• TASK OBJECTIVE: For the data that follows, print the line with "Cartier 18k Yellow", the line with "The Internet is", and all lines between them, exactly as they stand. Omit pictures and add nothing.

• RECORDS FOR THE TASK:
• • • • •

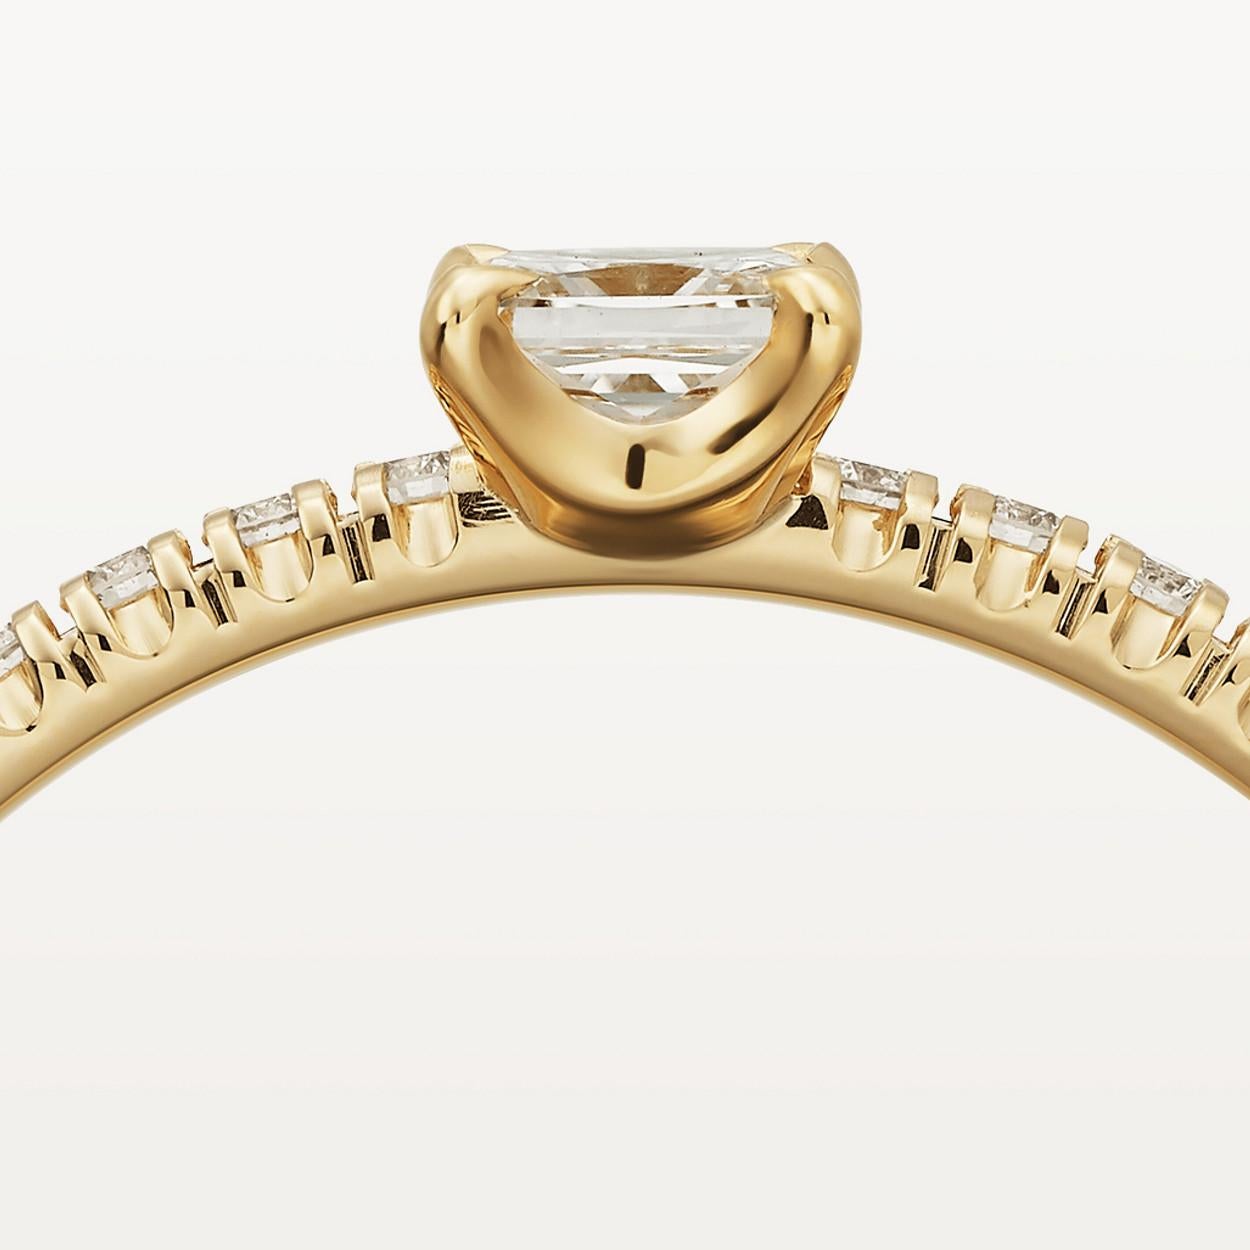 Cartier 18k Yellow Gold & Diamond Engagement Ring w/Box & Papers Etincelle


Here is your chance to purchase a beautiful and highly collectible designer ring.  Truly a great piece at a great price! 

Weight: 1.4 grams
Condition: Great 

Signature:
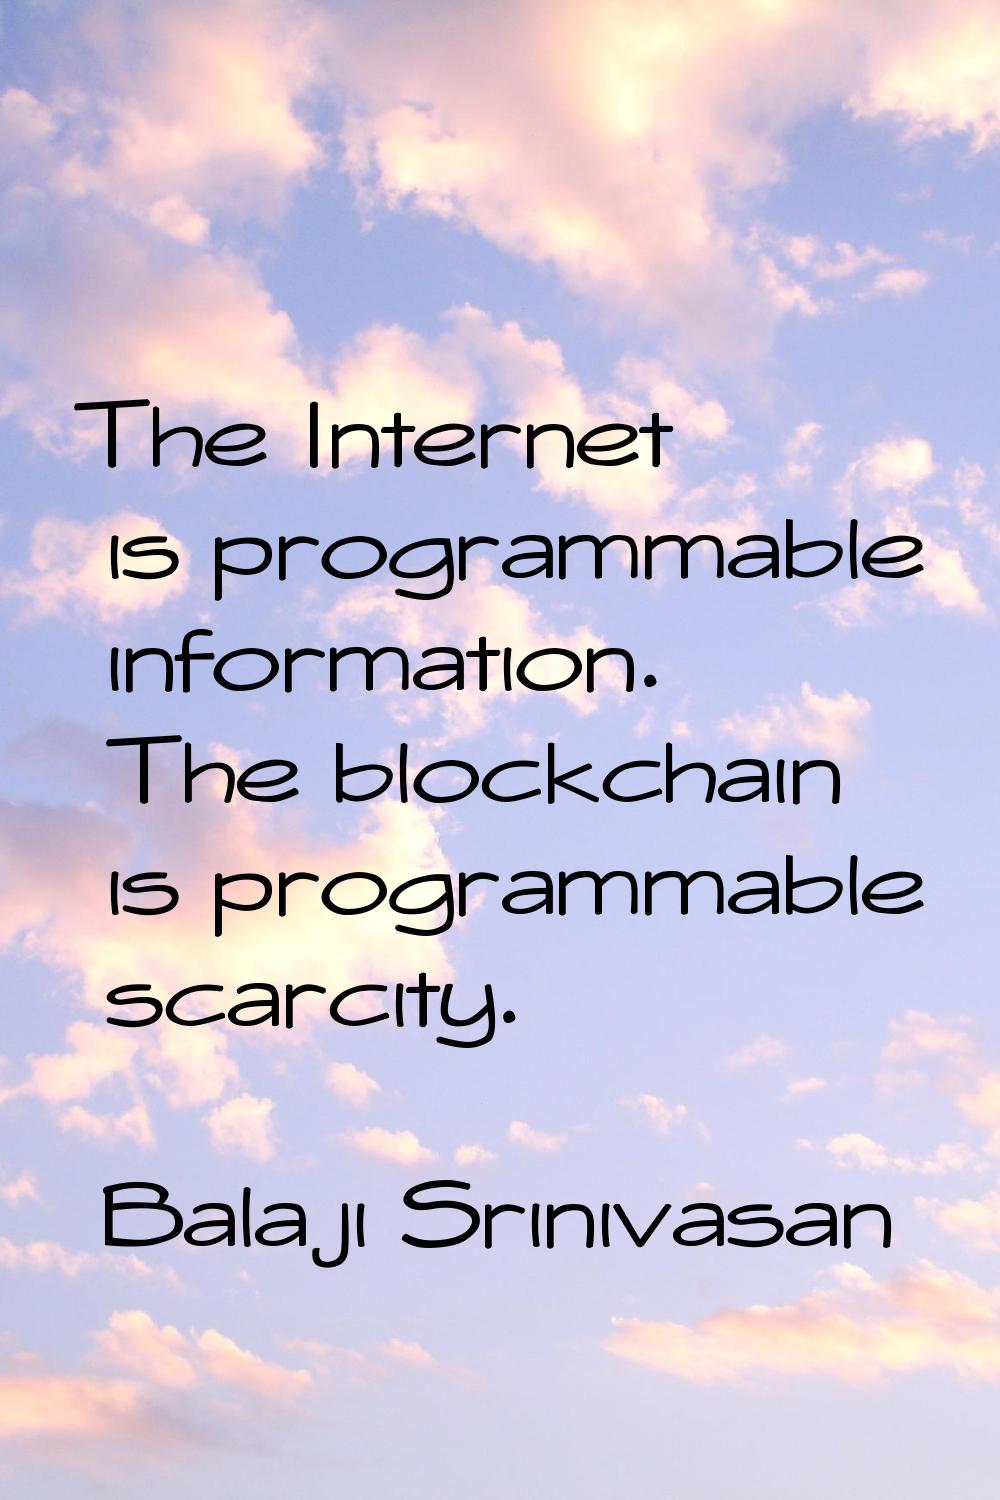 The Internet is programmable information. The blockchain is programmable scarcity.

• • • • •

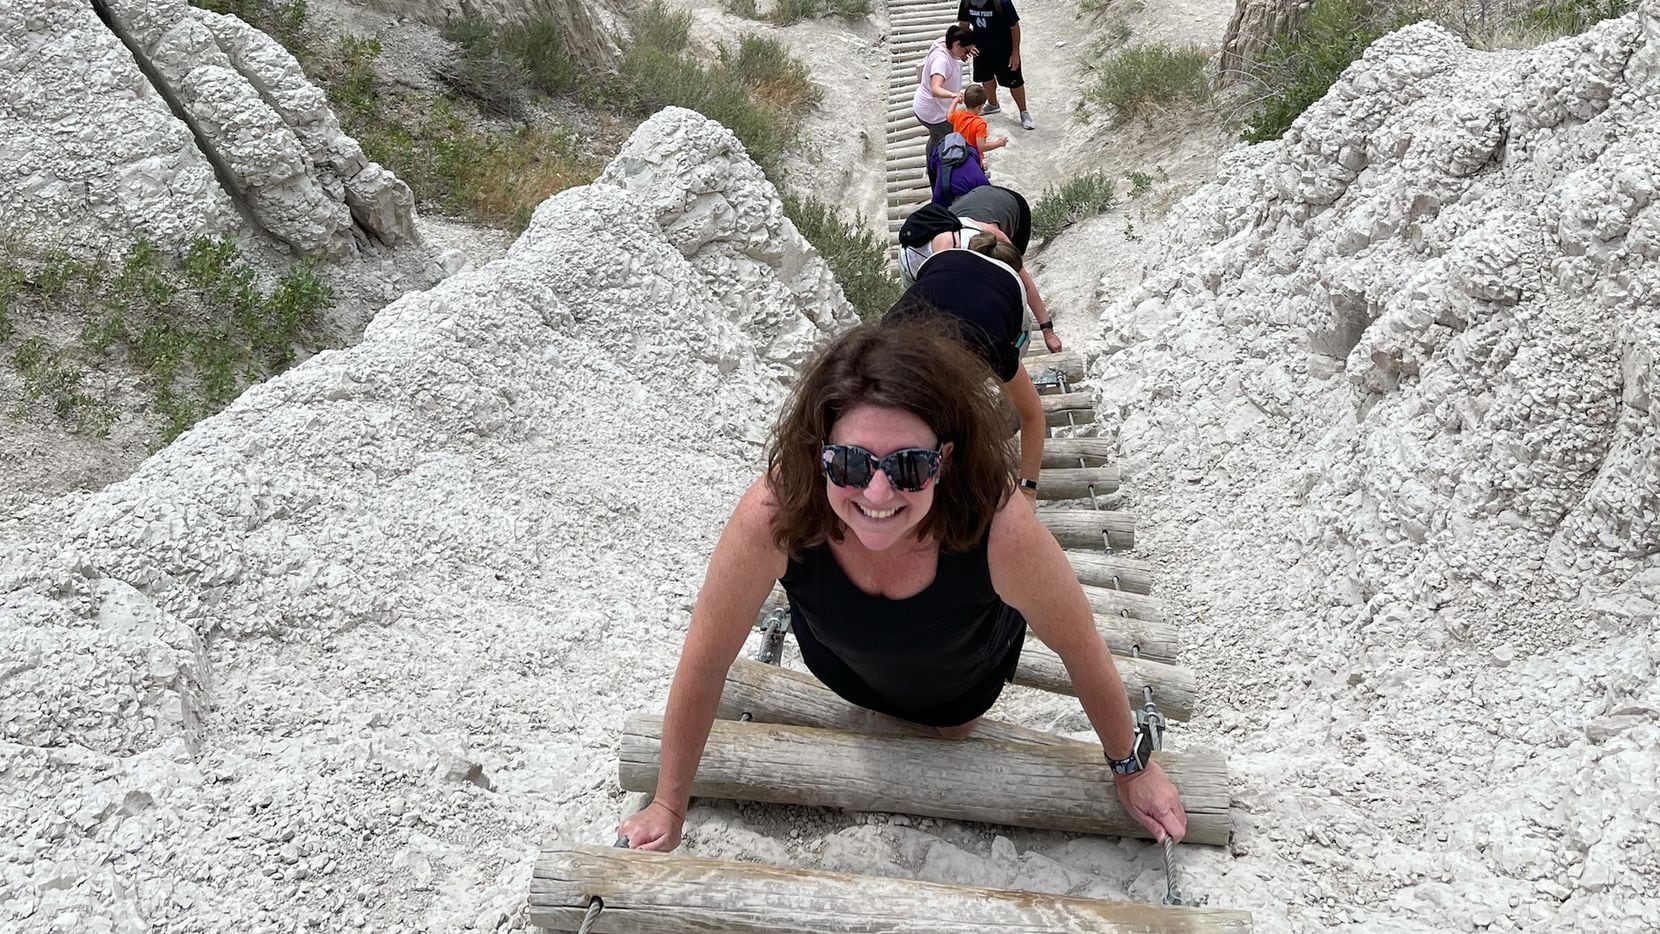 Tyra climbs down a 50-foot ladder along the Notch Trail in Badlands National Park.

• • • • •

• ANSWER:
 Cartier 18k Yellow Gold & Diamond Engagement Ring w/Box & Papers Etincelle


Here is your chance to purchase a beautiful and highly collectible designer ring.  Truly a great piece at a great price! 

Weight: 1.4 grams
Condition: Great 

Signature:
 The Internet is programmable information. The blockchain is programmable scarcity.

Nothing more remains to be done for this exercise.